Depois disse que a pergunta que deveria ter sido feita era sobre o guarda-redes do Boca, que esse sim fez a diferença. Seria a coletiva mais curta do mundo: uma pergunta, devidamente aprovada pelo treinador, circulando.
Mas eis que, como num bom filme, no final da coletiva tudo é revelado. A penúltima pergunta circulou pelo fato de que nada pode apagar o que Abel já fez no Palmeiras. Abel então deixou tudo na mesa: "Se não apaga, parece". O ressentimento que estava apenas alongando à beira do gramado entrou em campo.

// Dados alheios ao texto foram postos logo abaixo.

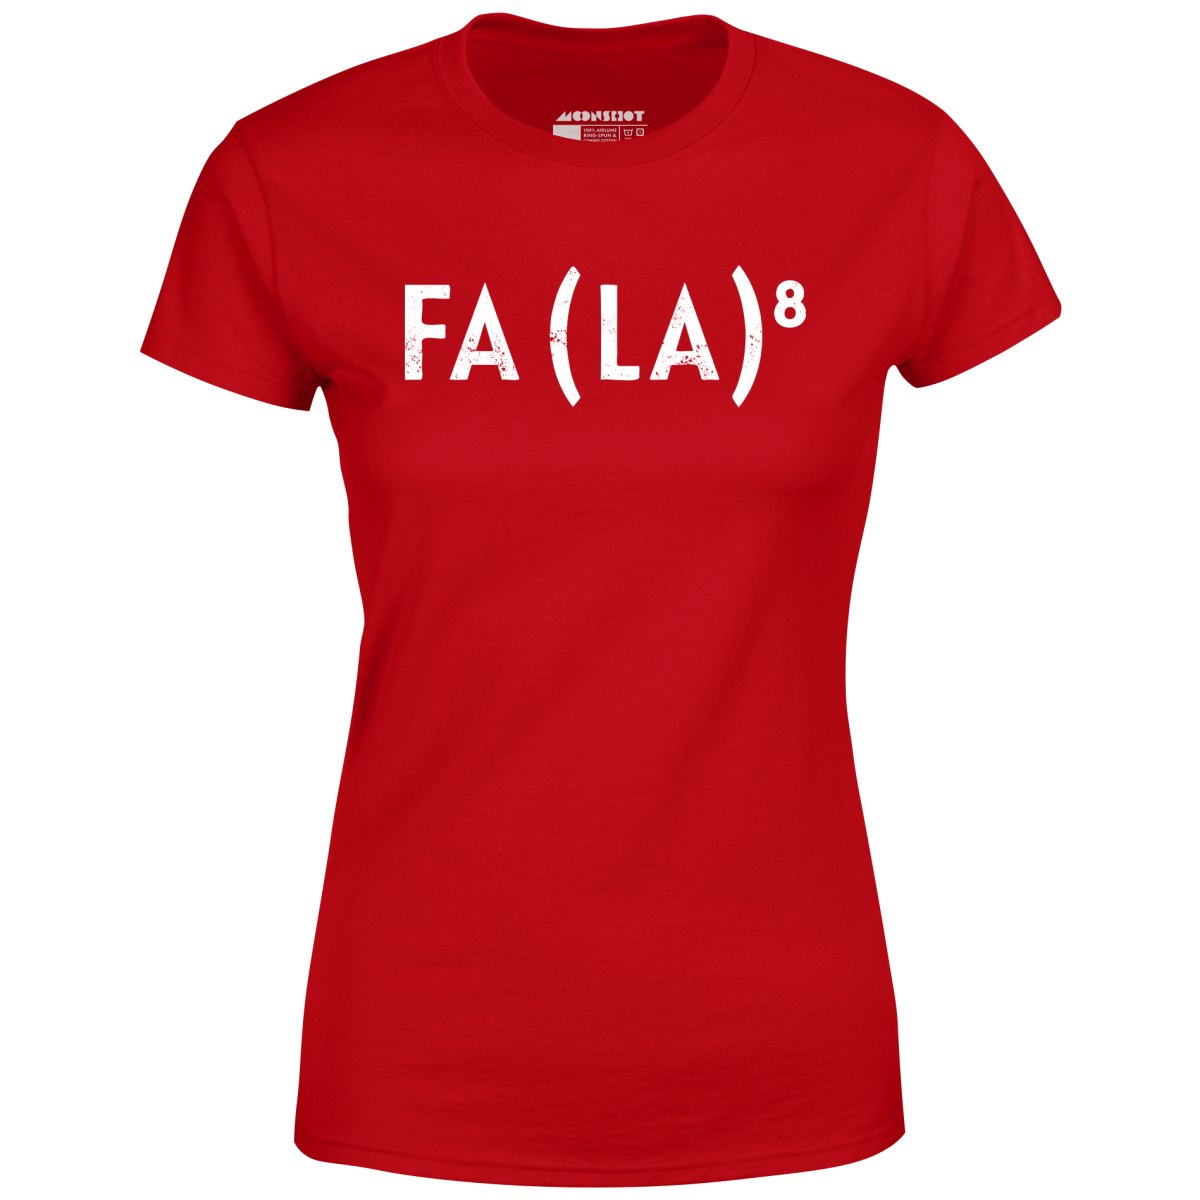 Fa La to the 8th - Women's T-Shirt

Eis aqui o centro de tudo. Abel se sente injustiçado. Se sente criticado além da conta diante de tudo o que já fez. É possível entender esse sentimento, claro. Mas, ainda assim, ele não explica as patadas.
Podemos melhorar enquanto corpo jornalístico? Sair da mesmice dos questionamentos? Alargar a visão? Podemos sempre. Cabe a cada um de nós buscar esse aperfeiçoamento. E cabe a Abel, o maior treinador da história do Palmeiras, se implicar nesse processo todo também. A dimensão do sagrado não vai ser mais perdida. Abel já está lá. Mas acontece que o resto de nós não está e nosso trabalho manda perguntar e pedir explicações aos treinadores jogo após jogo madrugada a dentro. São as regras e, a menos que alteremos esse formato, assim seguirá sendo. Que possamos melhorar e nos apoiar enquanto classe que trabalha, ama e vive do futebol.